Abrar-ul-Haq chronology
| Nachan Main Audhay Naal (2004) | Nara Sada Ishq Aye (2007) | Sab Rang Aap (PBUH) Se (2013) |

= Nara Sada Ishq Aye =

Nara Sada Ishq Aye is the seventh, and to date the latest, album of Pakistani pop and bhangra singer Abrar-ul-Haq. It was released in March 2007.

The song "Parveen" from this album became a subject of controversy when the Supreme Court of Pakistan summoned an explanation from Abrar-ul-Haq, alleging that it used the name Parveen in a derogatory manner that would hurt the sentiments of society.

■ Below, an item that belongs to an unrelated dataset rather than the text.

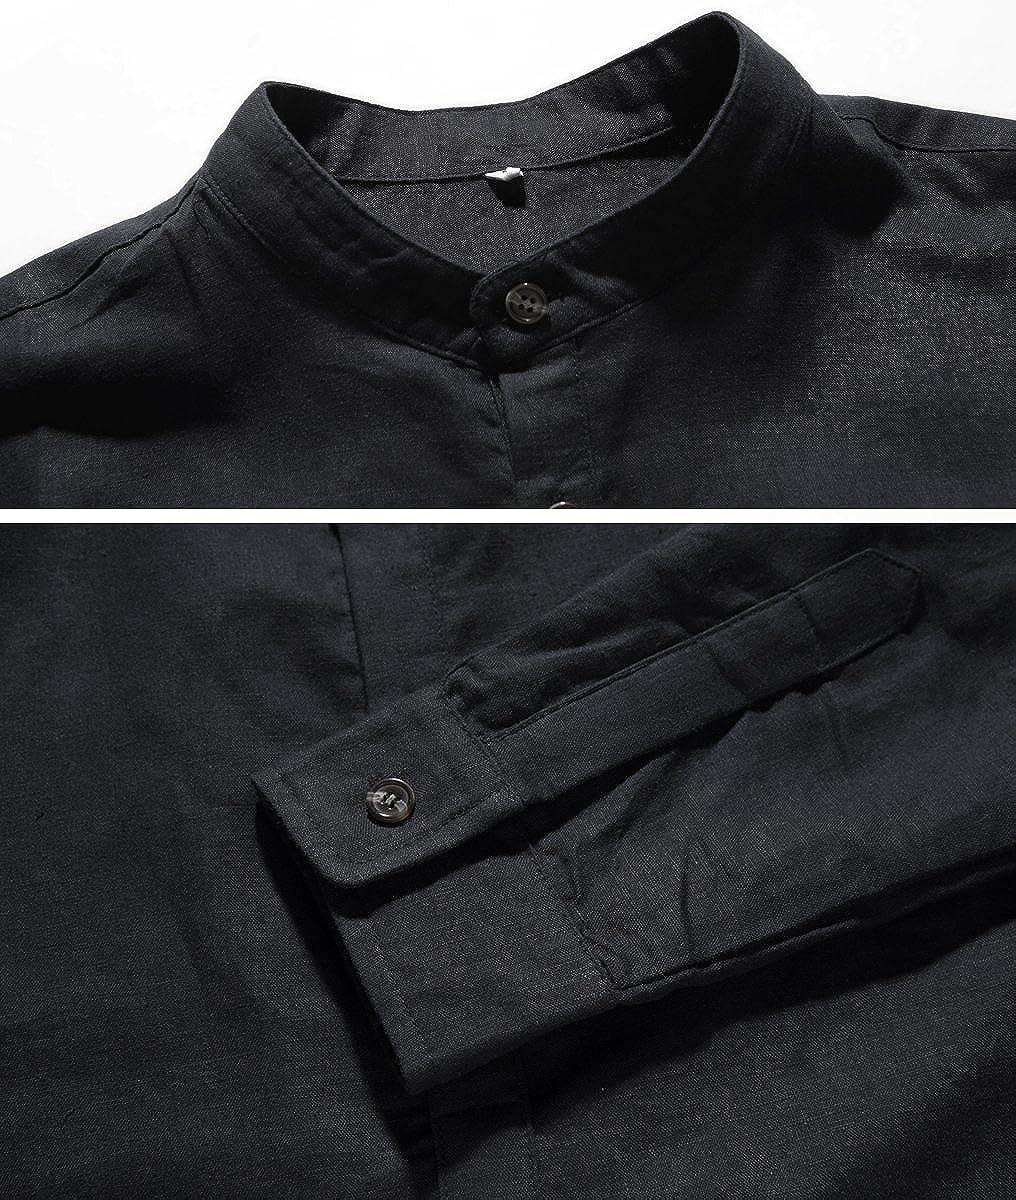 NITAGUT Men Henley Neck Long Sleeve Daily Look Linen Shirts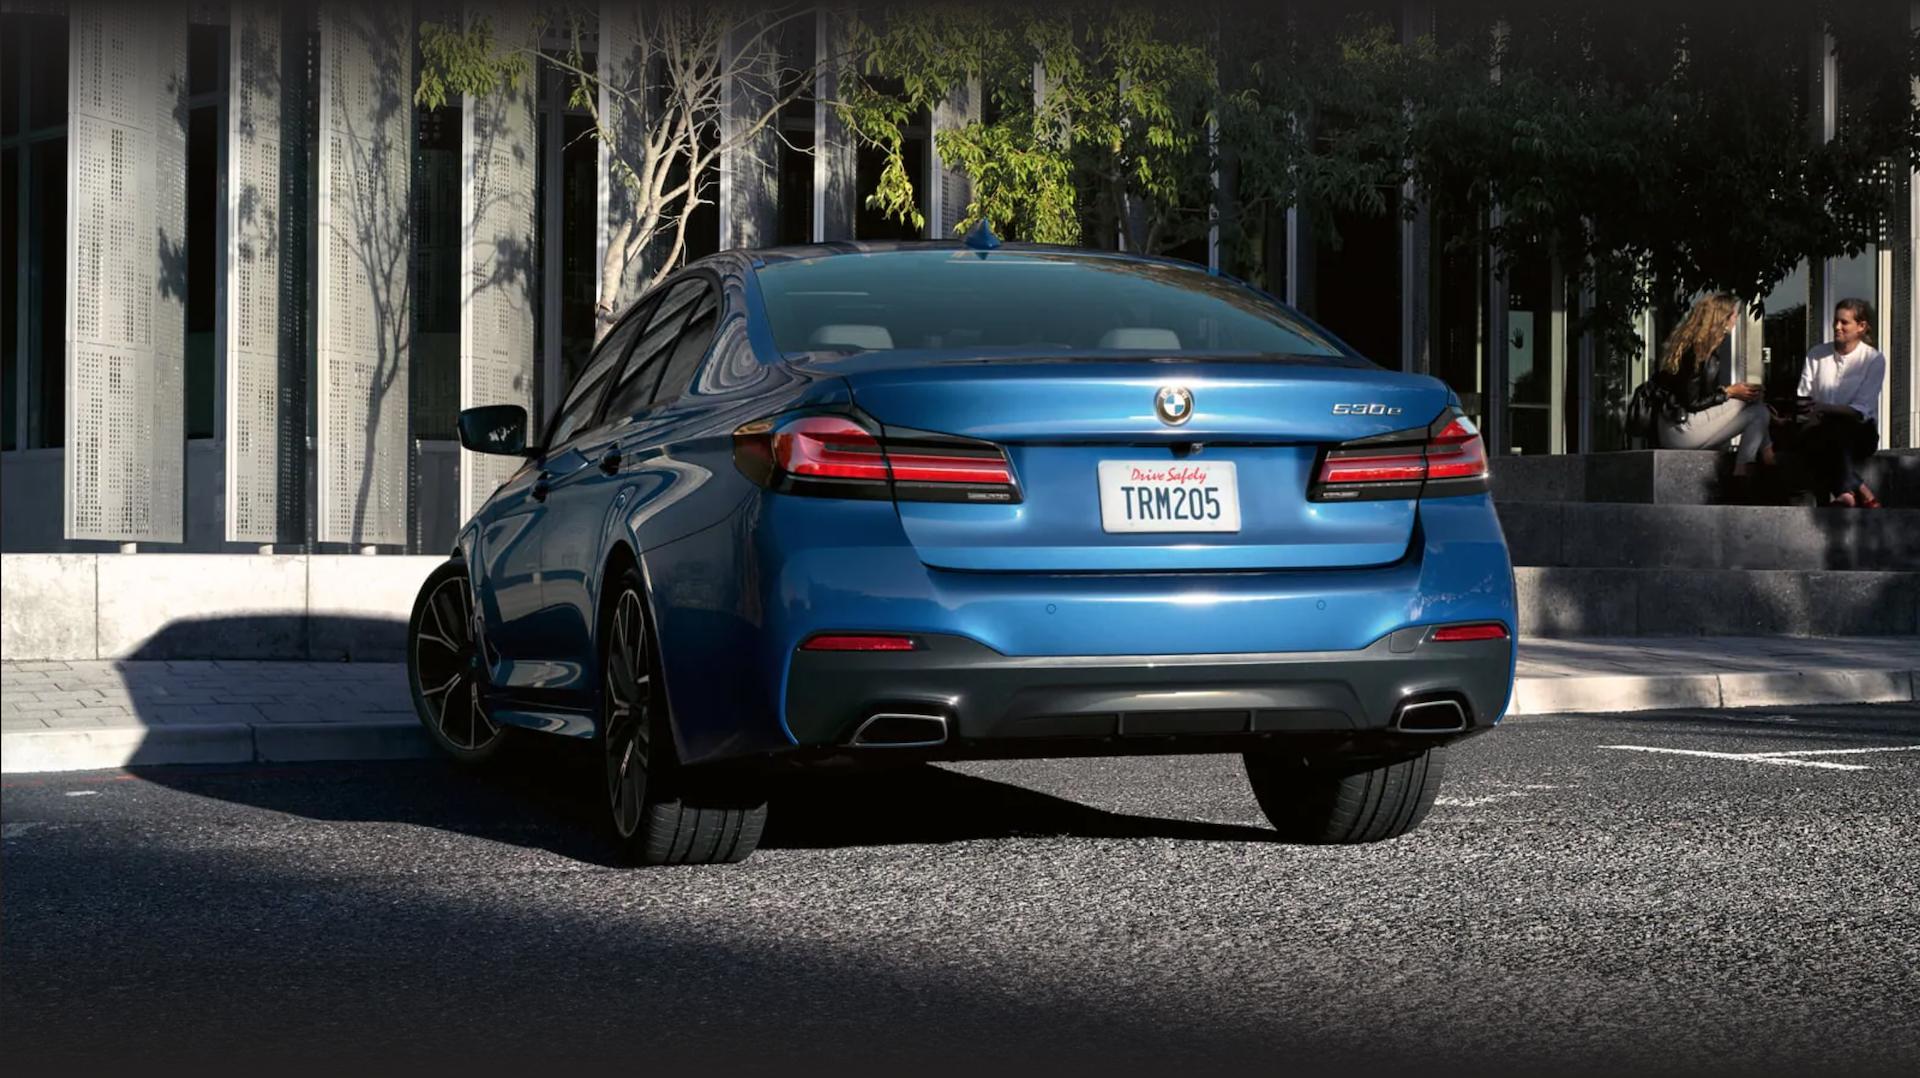 Rear view of the 2021 BMW 5 series luxury sedan

Abrar-ul-Haq told reporters the song referred to "Parmeen"; the song title "Permeen" is shown on versions of the album.

==Track listing==
1. "Rano Khiza Mix" (feat. Cheshire Cat)
2. "Parveen" (Alternative title: "Permeen")
3. "Jatt"
4. "Naraa Sada Ishq Aey"
5. "Saanso Mein"
6. "Patlo"
7. "Run Babay Di"
8. "Mela"
9. "Maan"
10. "Alif Allah"

==Awards and nominations==
Nominated for Best Album of the Year at the 7th Lux Style Awards held in 2008.